東京大学情報理工学系研究科コンピュータ科学専攻 2017年2月実施問題3

Author

kainoj, 祭音Myyura

Description

Consider the problem of sorting an array of integers using the heapsort algorithm. Assume that heapsort brings the minimum element to the front.

Answer the following questions.

(1) Heapsort consists of two phases. Explain what is to be performed in each phase.

(2) Consider sorting of the following array using heapsort.

\[ (3, 8, 1, 5, 4, 9, 7) \]

Draw the tree structure of the heap just after the first phase.

(3) Answer the time complexity of each phase when sorting an array of length $n$. Explain the reason.

(4) Answer the time complexity of obtaining a sorted list of the smallest $k$ elements from an array of length $n$ using heapsort. Explain the reason.

(5) The execution time of heapsort on modern computer systems is often longer than that of some other sort algorithms such as quicksort and mergesort when sorting a large array. Explain a possible reason.

Kai

(1)

Building the heap – level-by-level, starting from the deepest level.
Extracting minimum $n$ times. Extracting means printing the root value, replacing it with the last heap element, and then fixing heap order. If we represent the heap in an array of length $n$, we can swap first element (minimum) with the last element, fix heap order and call recursively on first $n-1$ elements of array.Resulting array is sorted in descending order. Reverse it for ascending order.

(2)

Let's put elements of $[3,8,1,5,4,9,7]$ into a binary tree:

        3
      /    \
     8      1
   /  \    /  \
  5    4  9    7         ] proper heaps

Note that the deepest level consists of $4$ proper, one-element heaps. Let's fix the heap order on second to last deepest level:

        3
      /    \
     4      1             ] 
   /  \    /  \           ] proper heaps
  5    8  9    7          ]

Now we have two proper heaps of height $1$. Now, swap $3$ and $1$ to get the final answer:

        1
      /    \
     4      3
   /  \    /  \
  5    8  9    7

(3)

For simplicity, assume that $n=2^k - 1$, i.e. the heap the deepest level is fully occupied.

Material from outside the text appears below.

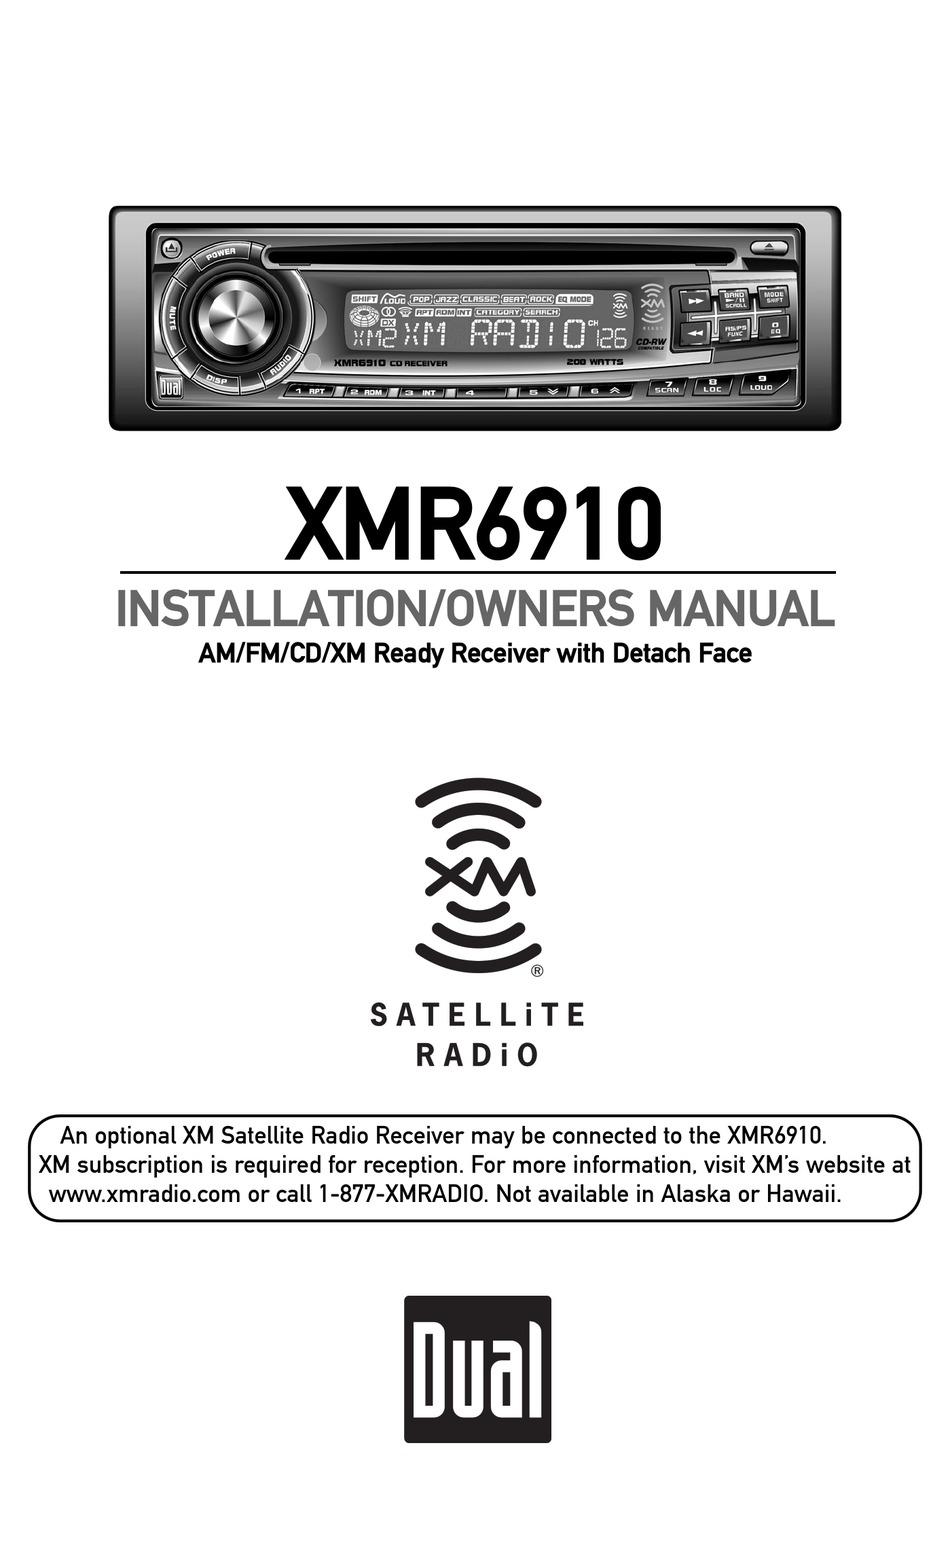 Xm Satellite Radio Xmr6910 Installation

Phase 1, building the heap is $O(n)$ when building the heap from the bottom. On the deepest level we do nothing: it consists of $\lceil \frac{n}{2} \rceil$ nodes, each of them is a proper one-element heap. On second-to-the-last level, we perform two comparisons, and possibly one swap. In general we'll perform, ceil omitted for simplicity:

\[ \begin{aligned} &0\cdot \frac{n}{2} + 1 \cdot \frac{n}{4} + 2\cdot \frac{n}{8} + \cdots + O(h-1)\cdot 2 + O(h)\cdot 1 \\ &= \sum_{h=1}^{\lceil \log_2 n \rceil} \lceil\frac{n}{2^{h+1}}\rceil\cdot O(h) \\ &= O(n\sum_{h=1}^{\lceil \log_2 n\rceil} \frac{h}{2^{h+1}}) \end{aligned} \]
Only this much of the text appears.